With her arms secured behind her back and her mouth full of leather, the men dragged her toward the grate beneath-which theholding cell was unoccupied. When Lyla managed to twist around just enough to look at me, our eyes met for a split second and it felt like the devil’s whore was staring back, taunting what I foolishly thought was a victory.

Maybe it wasn’t. Maybe she wanted to get caught.

I didn’t fucking care now.

The sails of the Weaver grabbed the wind, hauling us all away from that haunted shore like a stag fleeing wolves. I felt my body wanting to change and focused on that desire until it was the only thing I could think about. It took everything to peel Lyla’s sticky webs from my will, but when I did, my legs ripped through the black, slick skin of my tail, splitting it down the middle.

By the time it was done and I could come back to myself, Vidar was standing over me, a blanket in his hand. He was panting and covered in blood. Gus’s blood. Remembering how his mangled corpse still lay in the boat made my heart sink. Feeling the first real hints of exhaustion seizing my limbs, I sat up on tired arms and hung my head. Vidar crouched beside me, wrapping the linen sheet around my beaten body and bloody legs, and lifted me off the filthy deck.
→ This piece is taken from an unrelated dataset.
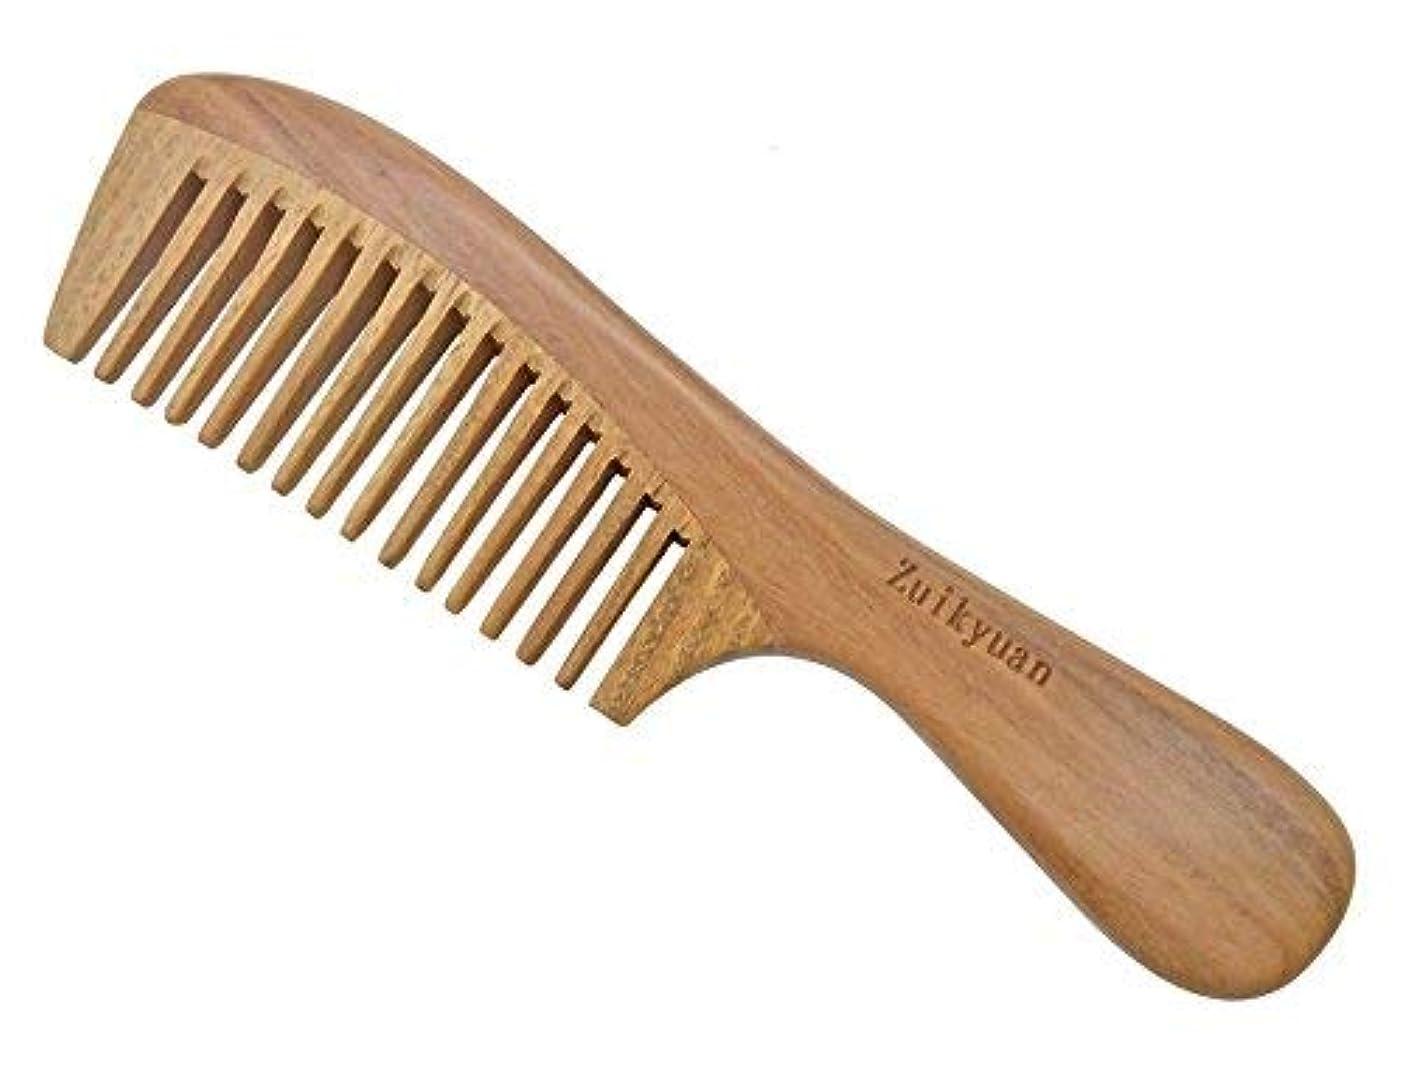 のヒープオーストラリア洗練されたSandalwood Wide Tooth Hair Comb Handmade Wooden comb with Premium Gift Box [並行輸入品]

Neither of us spoke. The dull, aching weight of grief tugged at us both as he walked me toward his cabin—our cabin—and sat me down in his desk chair. I was shivering, but I wasn’t cold. Not on the outside. On the inside, something had changed. My soul had cracked and a sharp chill was working its way around my heart like Lyla’s cold fingers were still inside me, mocking.
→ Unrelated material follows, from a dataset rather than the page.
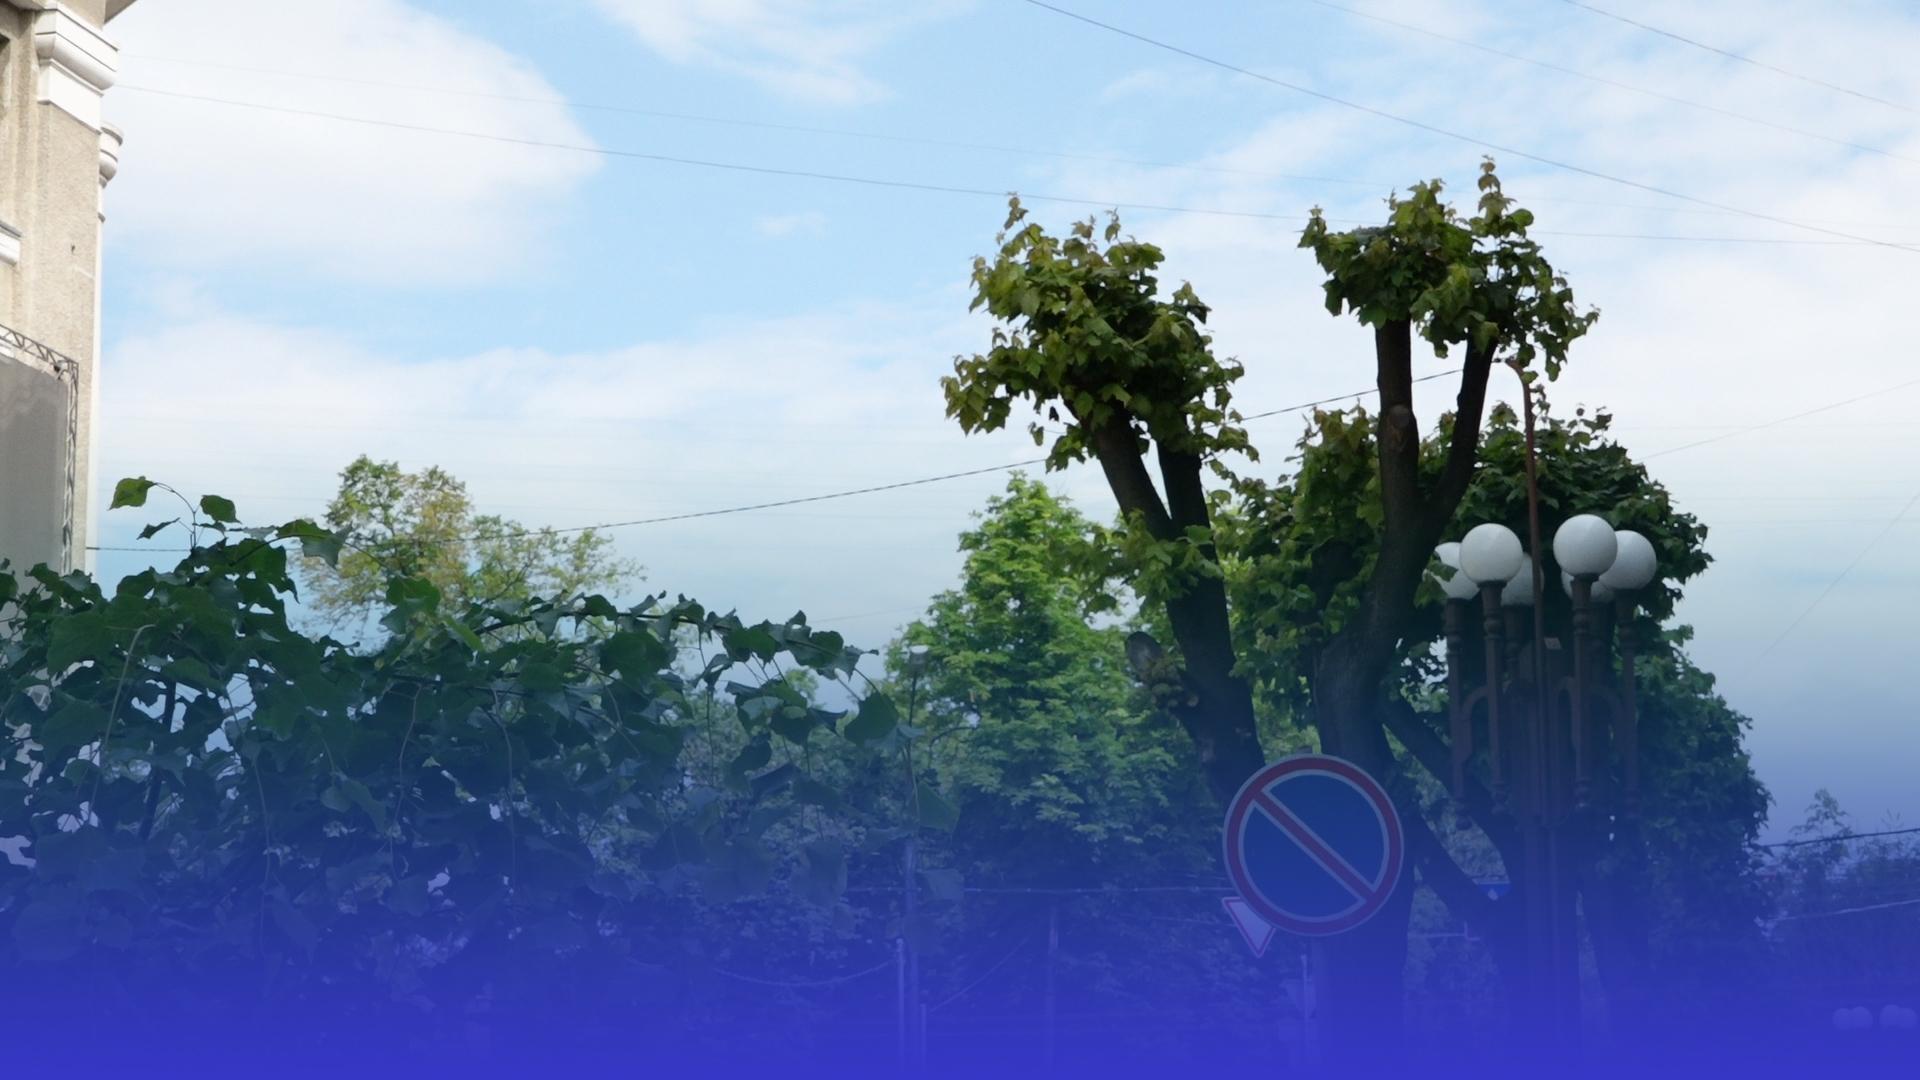 Спека ненадовго: коли на Тернопільщині прогнозують дощі з грозами

“Look at me,” Vidar said, lifting my chin with his knuckle.

He moved my head from side to side as if searching for injuries. Then he spread the sheet he’d wrapped me in, running his hands over my legs. My arms. When he found the tear in my shirt where Lyla had driven her fingers into my ribs, he paused, lifting the fabric away to assess the damage. Before saying anything, he was at his trunk, pulling out rags and a bottle of alcohol. He set everything down on his desk and almost frustratingly pulled off hisjacket, dropping it on the floor. When he crouched down in front of me, I could see he was avoiding my eyes and it stung for some reason.

“Vidar,” I said.

He acted as if he didn’t hear me and pressed the alcohol soaked cloth over my wound.

“Vidar, I will heal.”

Still, he said nothing. He just kept working with more determined, focused strokes, cleaning the blood away. Outside, I knew Gus was still lying dead. When the image of him being swarmed by sirens flashed before me, I gripped the sides of the chair, nearly splintering the wood.